» ASSIGNED TASK:
Drop the pictures; give again exactly the lines from the one holding "stio alpiner hooded jacket" through the end of the data.

» DATASET SECTION:
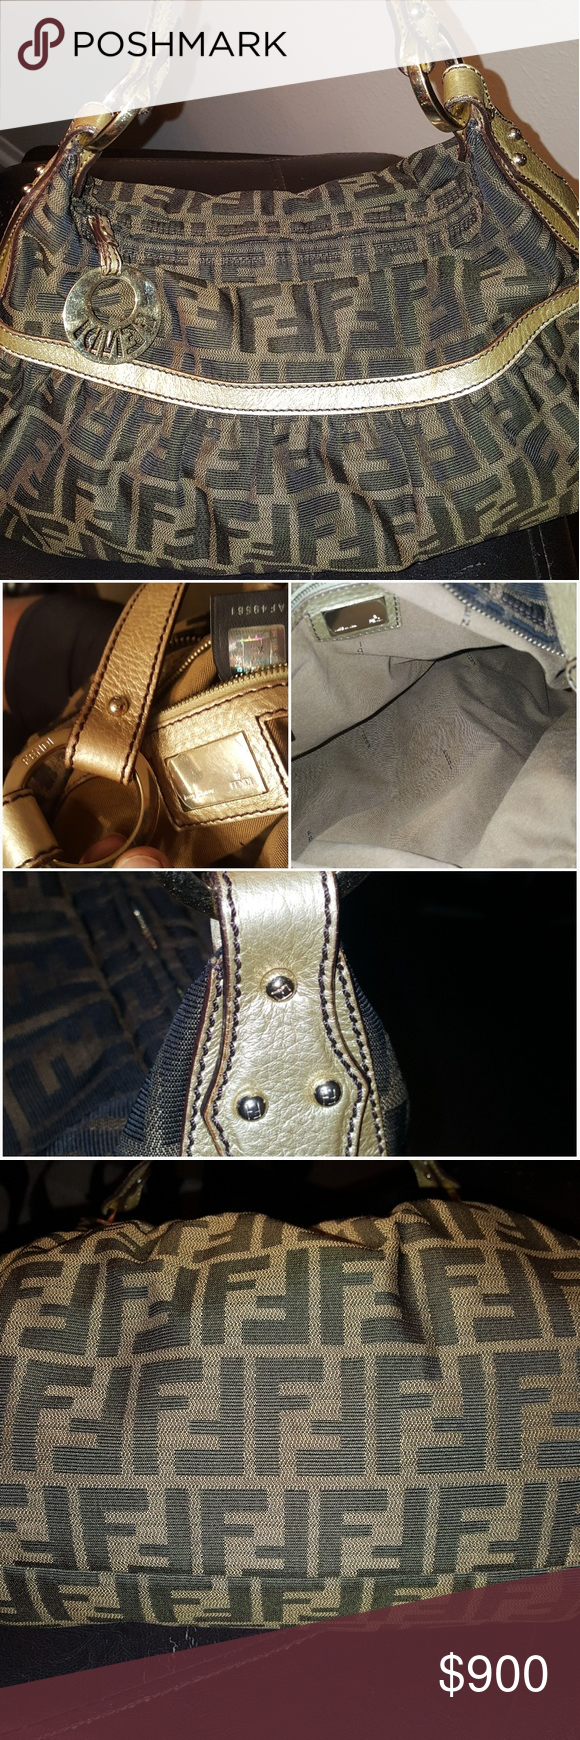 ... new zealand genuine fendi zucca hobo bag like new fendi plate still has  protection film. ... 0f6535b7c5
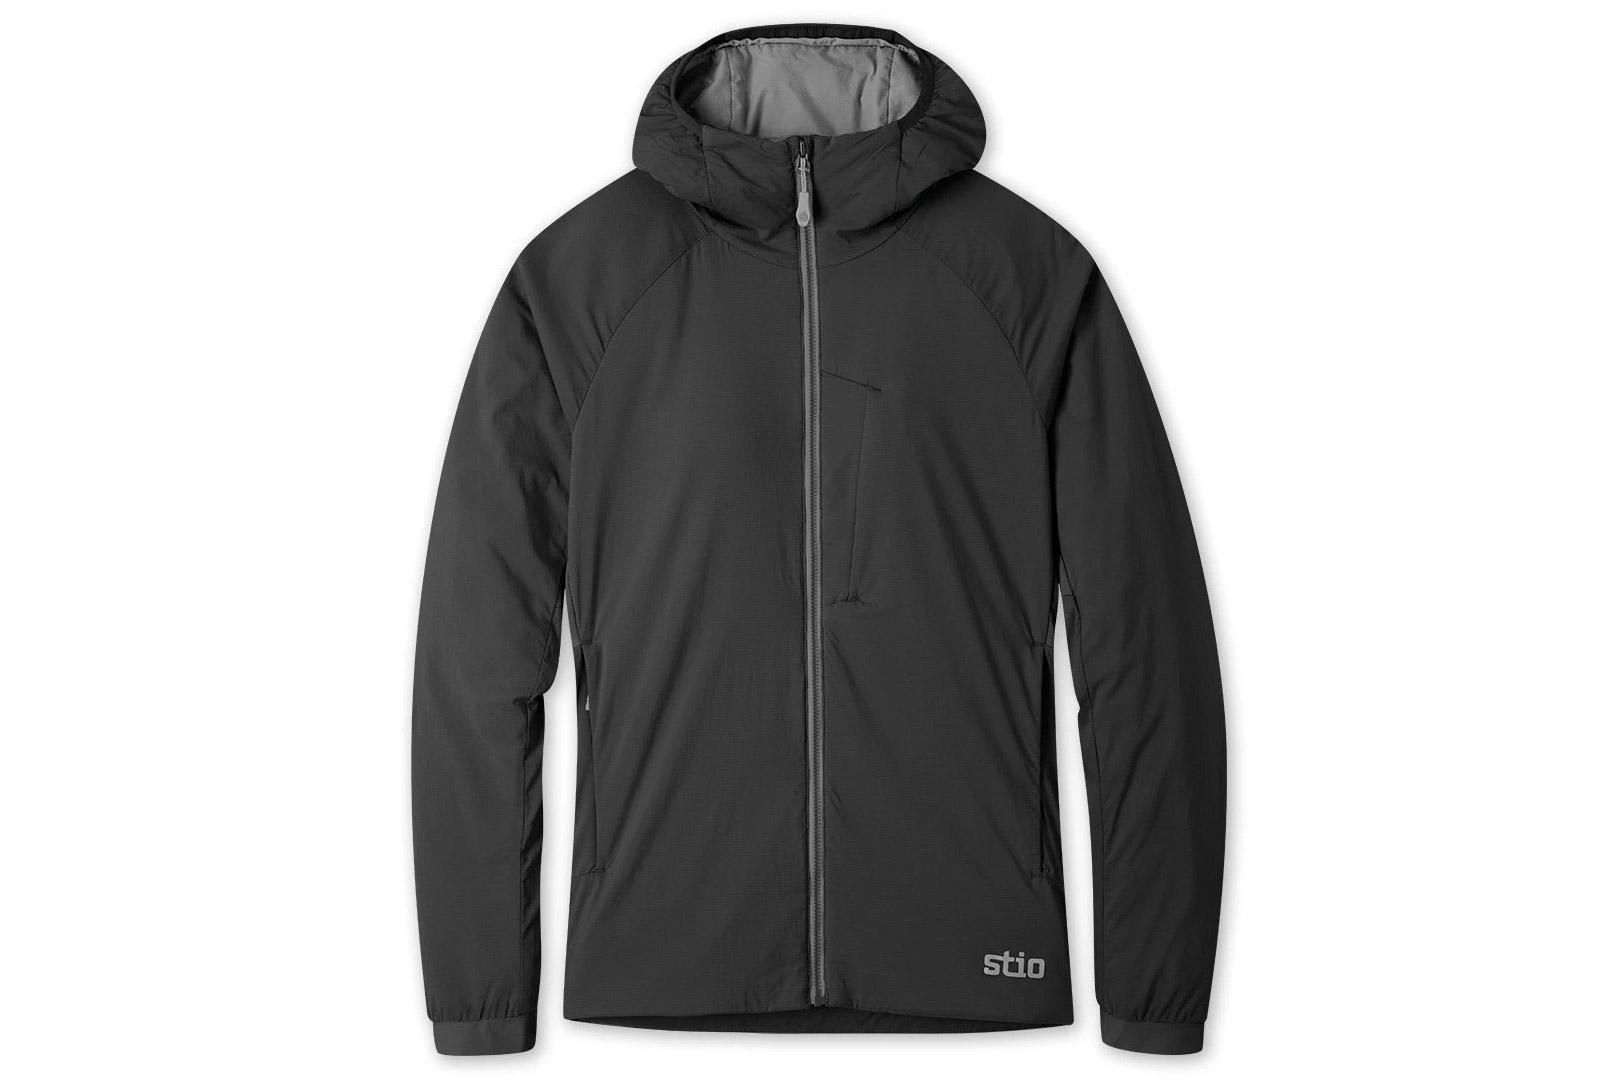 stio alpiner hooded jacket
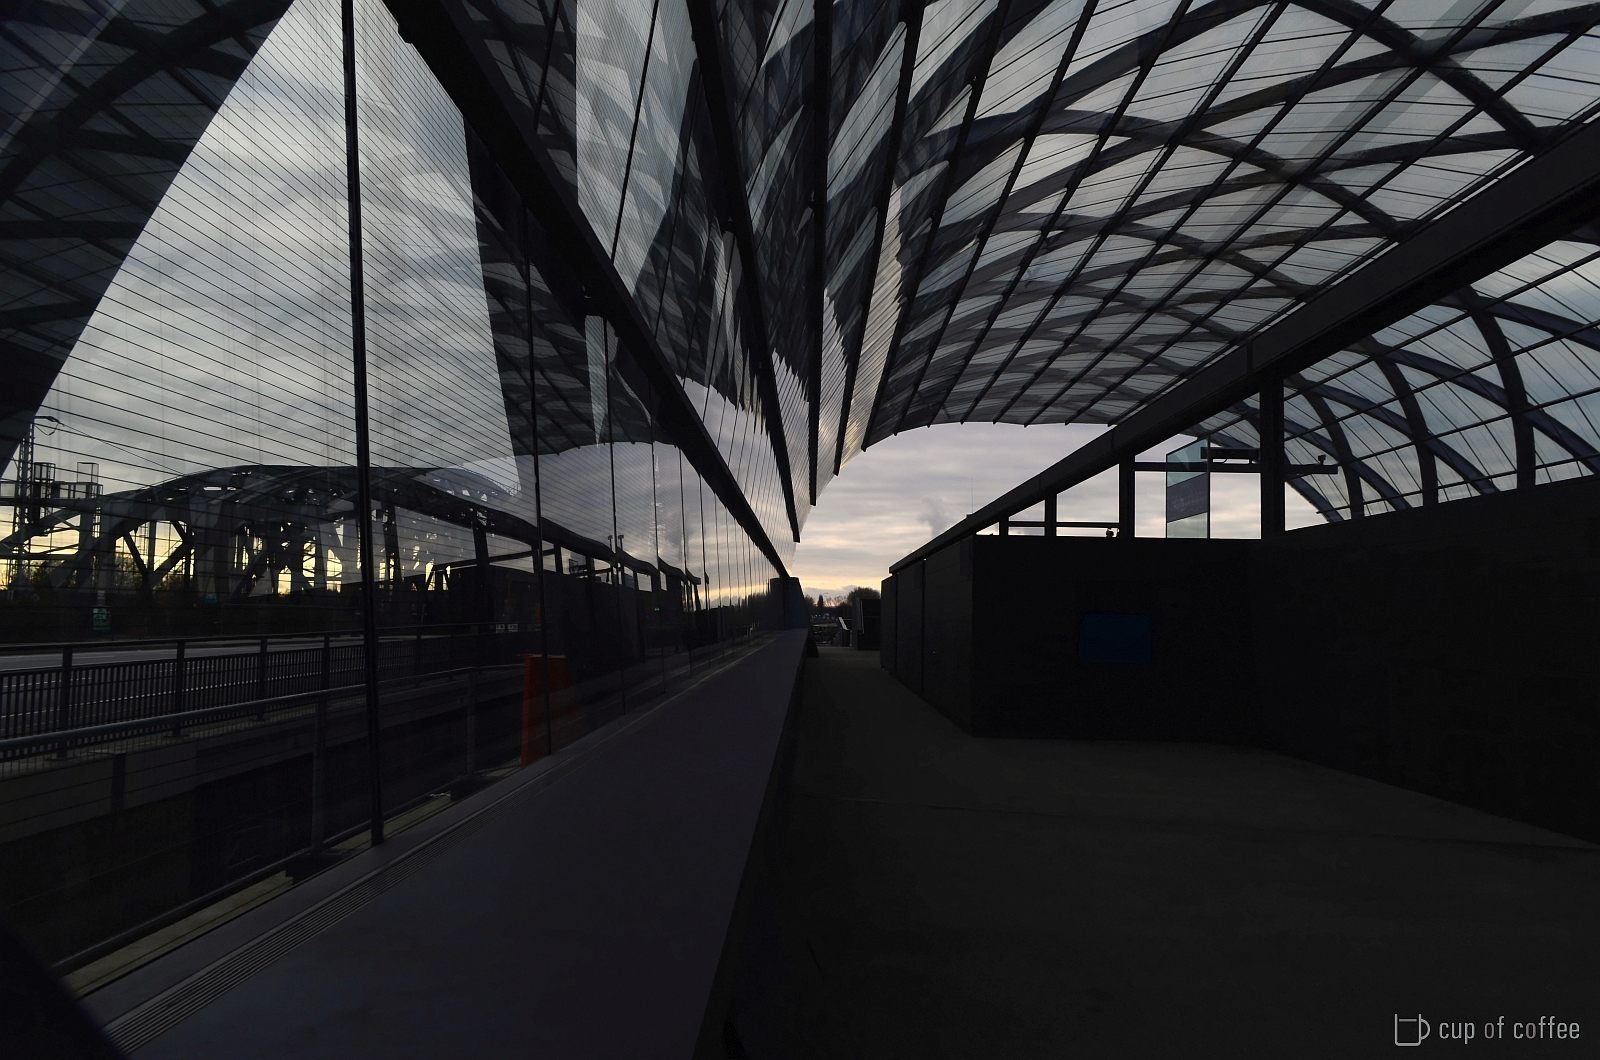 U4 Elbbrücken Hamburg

» TASK ANSWER:
 stio alpiner hooded jacket
 U4 Elbbrücken Hamburg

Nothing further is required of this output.